Comedy ‘I, Macrobane’ With Nick Frost Will Follow In 2012
Perhaps the biggest homegrown hit of Empire Big Screen over the weekend was Ben Wheatley‘s “Kill List,” a low-budget hitman/horror flick from the director of the excellent, terminally underseen crime film “Down Terrace.” More than perhaps any other British film that had footage shown, the clips had people talking for much of the weekend, and director Ben Wheatley hit the event on Saturday, along with stars Neil Maskell and MyAnna Buring, to get the buzz going. If you’ve read our review from SXSW, you’ll know that it’s a film worth getting very excited about (it even made one member of The Playlist team physically ill — in a good way), and it crystallizes Wheatley as a real talent to watch.
We caught up with Wheatley at the event, and he gave us a little glimpse into his future, revealing that the prolific director has three projects lined up to go in the future. We asked the director if he’d had any offers from Hollywood yet, and he told us “Not really, no. I’m busy. We’ve got two three films we’re doing at the moment, we’re doing a film with Nick Frost next year, “I, Macrobane,” and we’re in prep at the moment, we start shooting in six weeks with a film called “Sightseers” with Big Talk, and then we’re doing an American sci-fi film, but produced from the U.K, so, maybe in a few years people might sit up. But as long as we’ve got enough money to keep making stuff there’s no reason to necessarily go out there.”
To fill in some blanks, “Sightseers” is a dark comedy about a pair of psychotic caravaners, based on a short film, that’s set up at Film4 and Big Talk, the latter being the production company behind “Shaun of the Dead,” “Hot Fuzz,” “Scott Pilgrim vs. the World” and “Attack the Block,” and indeed Edgar Wright will serve as executive-producer on the project. It’s written by and will star Alice Lowe and Steve Oram, two familar faces from the U.K. comedy scene.
Lowe is probably best known for playing Timothy Dalton‘s henchwoman in “Hot Fuzz,” and for being part of the cast of cult comedy show “Garth Marenghi’s Darkplace” alongside “Submarine” director Richard Ayoade, but she’s been making excellent, deeply weird short films for years on the side. Oram is less well-known internationally, but we’ve seen him live a few times and he’s a mad genius — for a taste of the sort of thing he gets up to, just sit back and hit YouTube. We’re excited to see what they’ve come up with, and having Wheatley at the helm can only be a good thing.

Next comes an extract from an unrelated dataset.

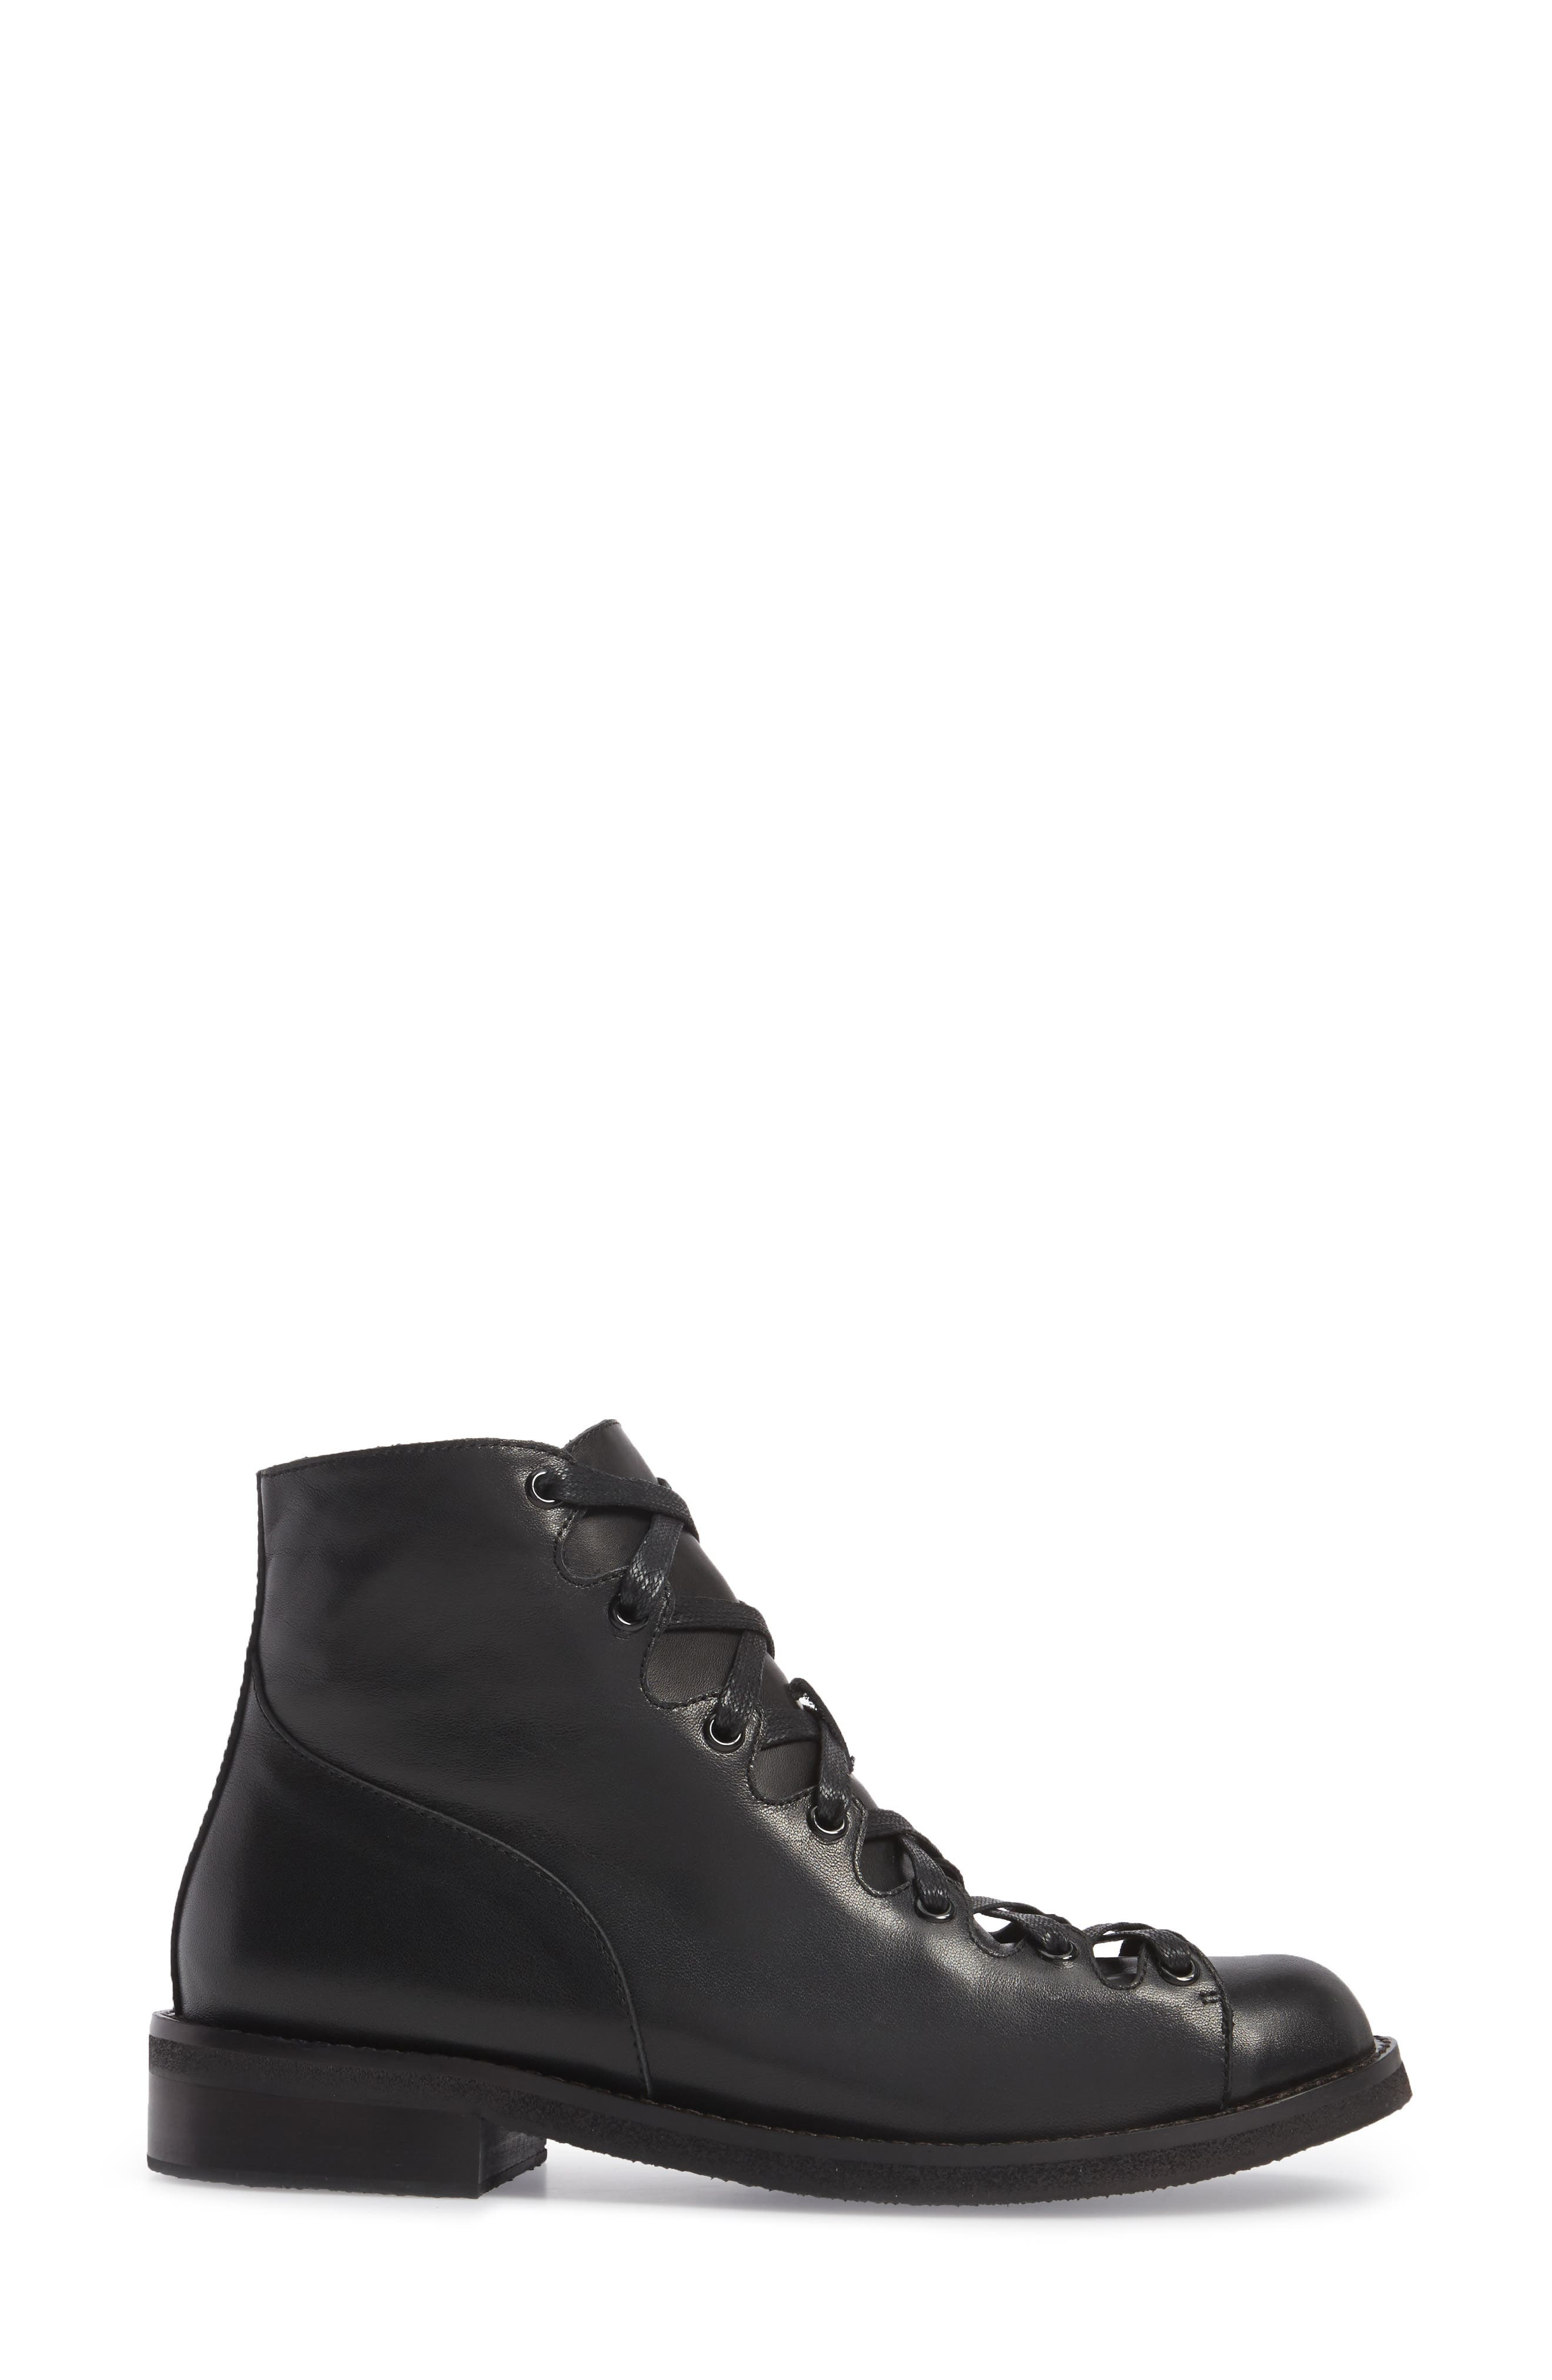 Alternate Image 3  - Grey City Jess Ghillie Combat Boot (Women)

As for the Nick Frost-starrer “I, Macrobane,” Wheatley told us that “Spaced” veteran Michael Smiley, who’s in both “Down Terrace” and “Kill List,” will play a character called George Clooney, and that “Kill List” co-stars Neil Maskell and MyAnna Buring both have parts as well. Additionally he told Bloody Disgusting a little about the film earlier in the year, saying “It’s about two guys who, when they were kids, burned their school down. They’ve been sent to separate detention centers never to be seen together again, and then they meet up in their late thirties and go on a rampage. It’s a knock-about comedy.”
As for the bigger-budget sci-fi flick, that’s still under wraps, and it sounds like it won’t be getting underway until 2013 at the earliest. Still, it’s good to see Wheatley so busy, and we asked the director what the secret of being so prolific was, seeing as many promising directors can find it difficult to follow-up their debut, he told us, “Writing scripts. It’s not complicated. You just gotta write them. And then people look at them and they option them and they make them… I’m being facetious, but after ‘Down Terrace,’ we knew we could just go off and make something if we want to… Because there’s quite a lot of us involved, and we’re using the same set of actors, it feels like a push forward, and there’s that kind of energy moving forward, and people get excited.”
He added, “The thing I fear the most is being in that situation of taking five or six years between each movie. Directing’s a muscle, and you have to exercise it. John Ford did a hundred movies, and it’s no coincidence that his films are really good. If you’re only knocking out seven or eight in your career, you know…and it’s also really good fun, and it’s my job. I’m not going to be sitting around taking meetings when I could be directing.”
He didn’t rule out ever taking bigger, studio stuff in the future, however: “The control you get on big-budget is very different from a little film you pay for yourself…But then a big-budget brings a broader canvas. What’s that cliche, ‘one for them, one for you’? I think it’ll be more like that moving forward.” For those of you yet to be exposed to Wheatley’s work, “Kill List” hits U.K. cinemas on September 2nd, while IFC Midnight will be giving it a U.S. release at some point in the near future.